With the completion of the human genome project, it has become clear that the sheer number of genes cannot account for the complexity of the human proteome. Among several proposed mechanisms, alternative pre-mRNA splicing is considered to be one of the most efficient and widespread avenues to generate multiple protein isoforms from individual genes. Current estimates indicate that over 90% of all human genes undergo alternative splicing, thus greatly increasing the coding potential of our genome. It is also appreciated that many alternative pre-mRNA processing changes associate with most human diseases, such as cancer. The multitude of cancer-specific mRNA isoform generation raises the important question to what degree the different flavors of gene expression are beneficial for tumor growth. Research in the Hertel laboratory focuses on elucidating the mechanisms of splice site selection with the long-term goal to decipher splicing networks and to establish a splicing code that permits alternative splicing predictions based on sequence analysis. We have a record of developing novel biochemical assays to analyze alternative splicing and now routinely incorporate bioinformatics approaches to verify and test the generality of our findings with the aid of genome-wide high throughput analyses. This cross-disciplinary approach has helped us to successfully highlight the importance of RNA splicing elements in dictating splice site selection and exon choice. Our systems approach examines methodically how the combination of RNA splicing elements influences splice site selection, with the ultimate goal to faithfully predict alternative splicing changes in disease models.

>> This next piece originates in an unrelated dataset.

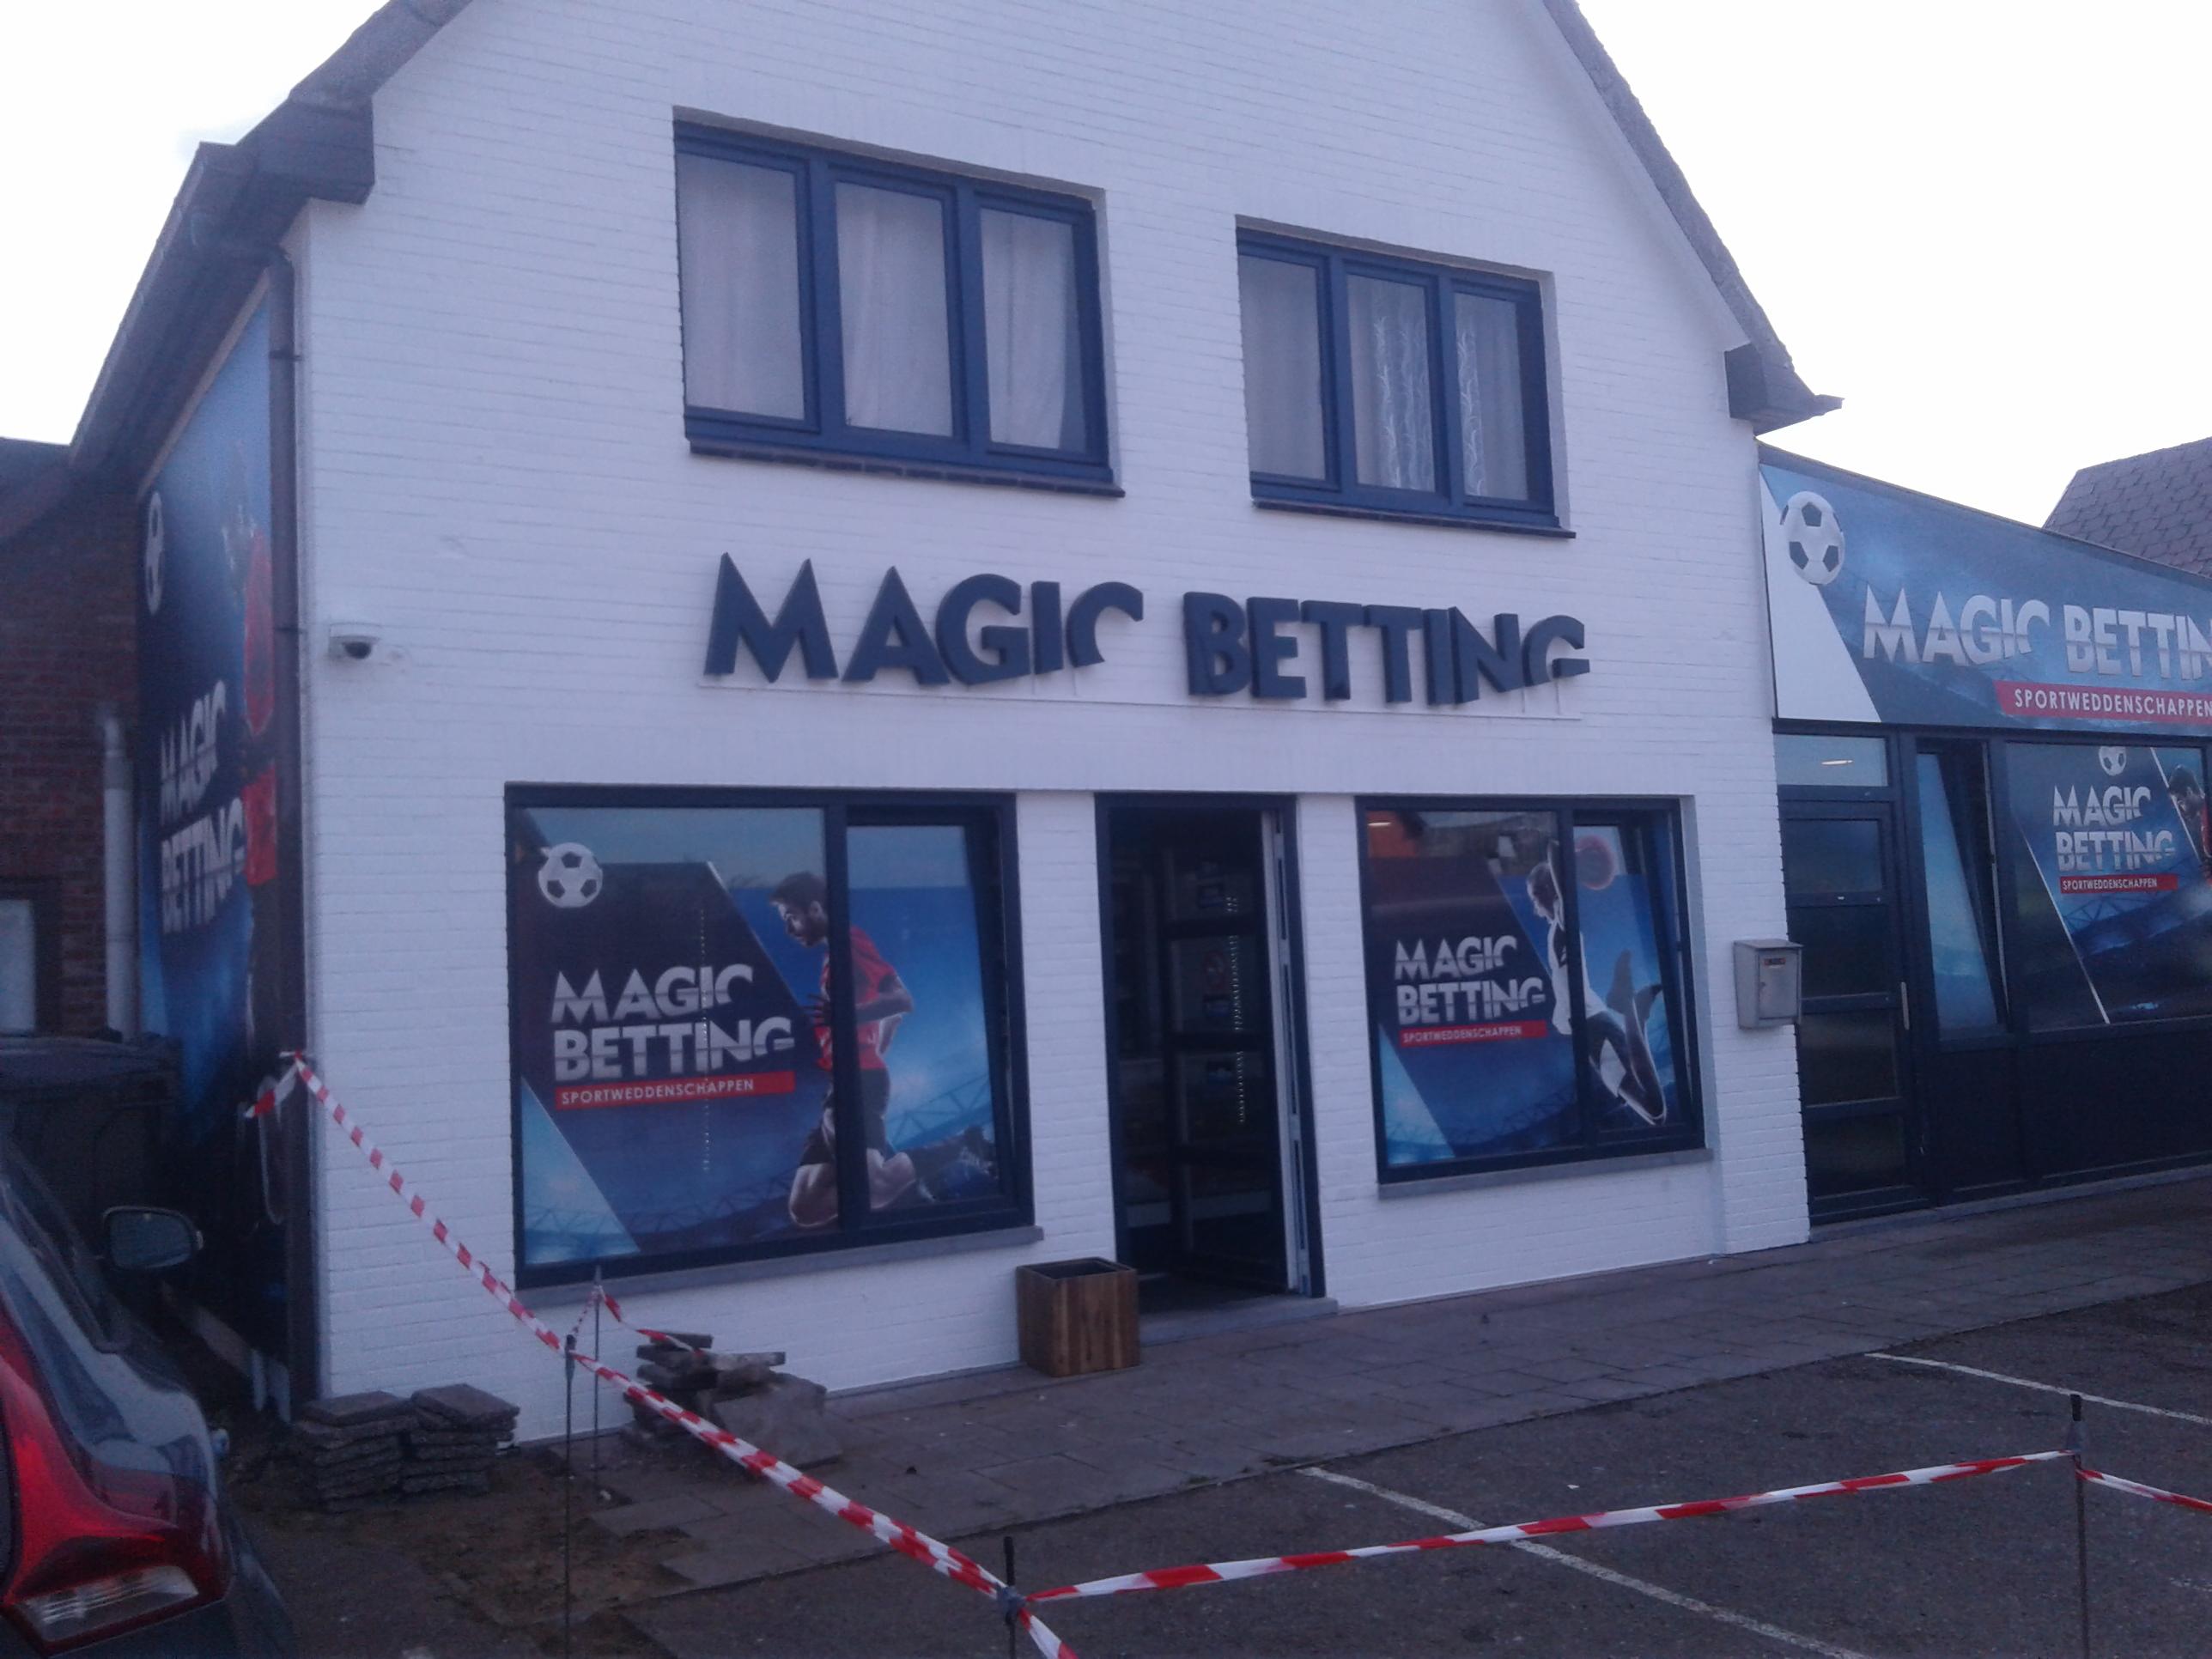 Gevelletters_BettingService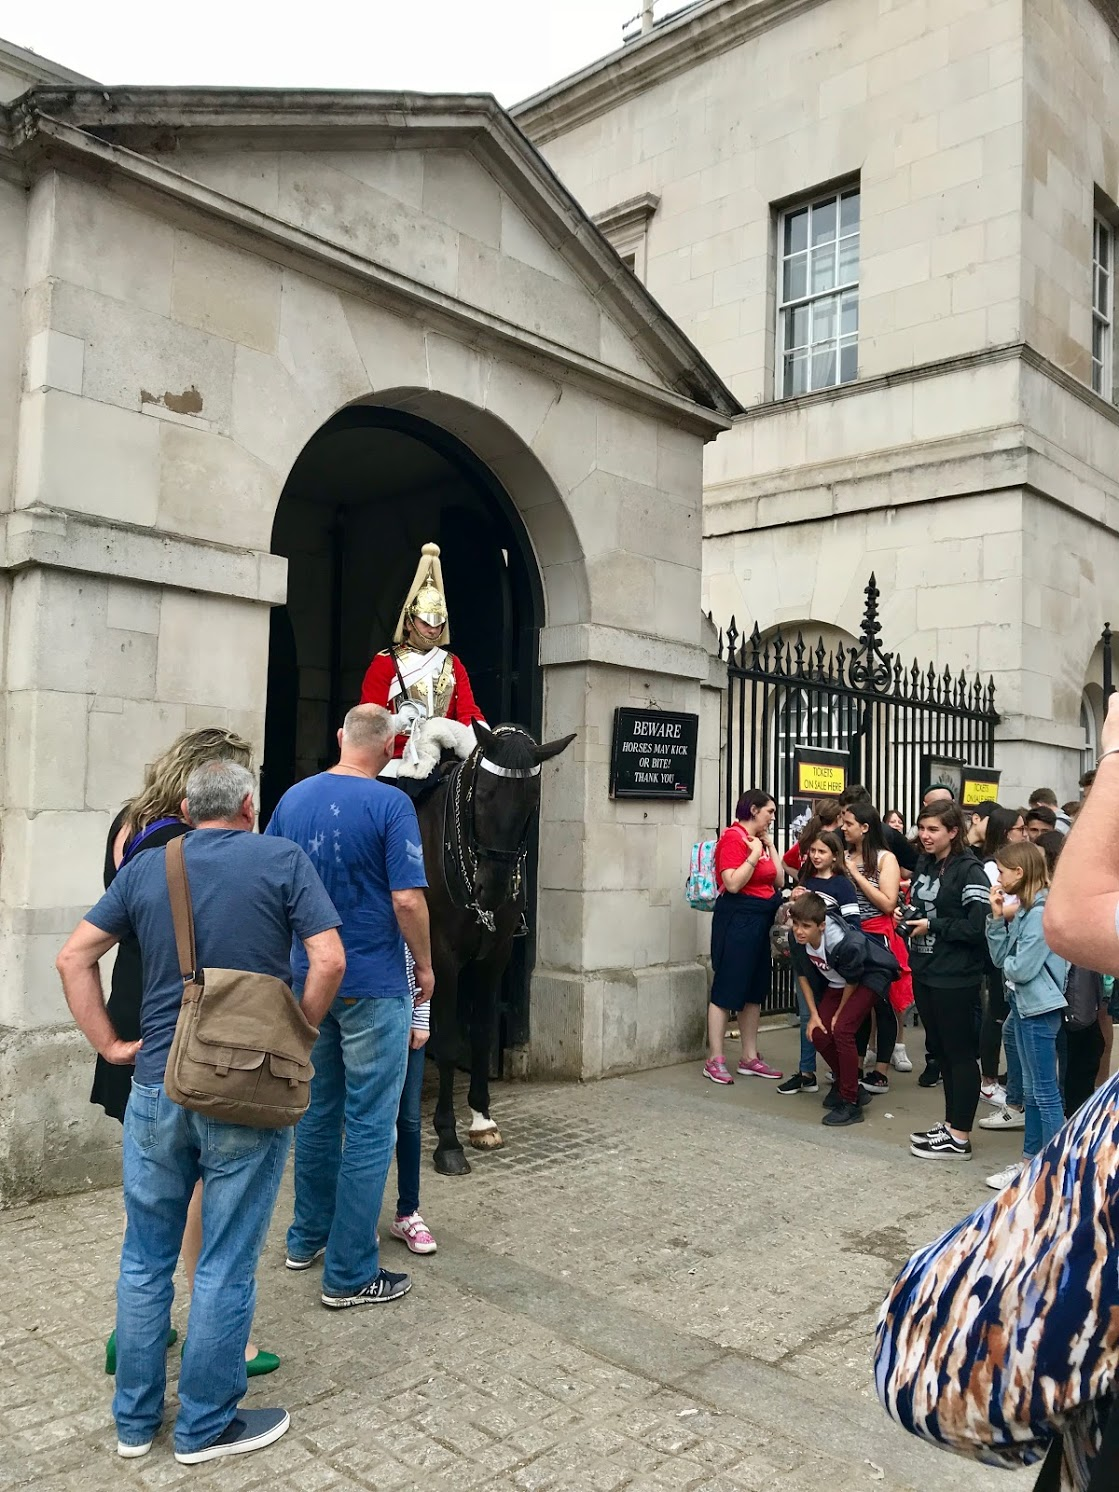 london guard on horse.jpg

Our research focuses on the following topics:
- Determine the biochemical steps that lead to splice site pairing and understand the combinatorial control of exon definition.
- Determine he influence of alternative pre-mRNA processing on colon cancer progression.
- Determine the mechanisms of splice site activation and repression.
- Determine the dynamics of gene expression from pre-mRNA synthesis through RNA processing in the nucleus to translation and mRNA degradation in the cytoplasm.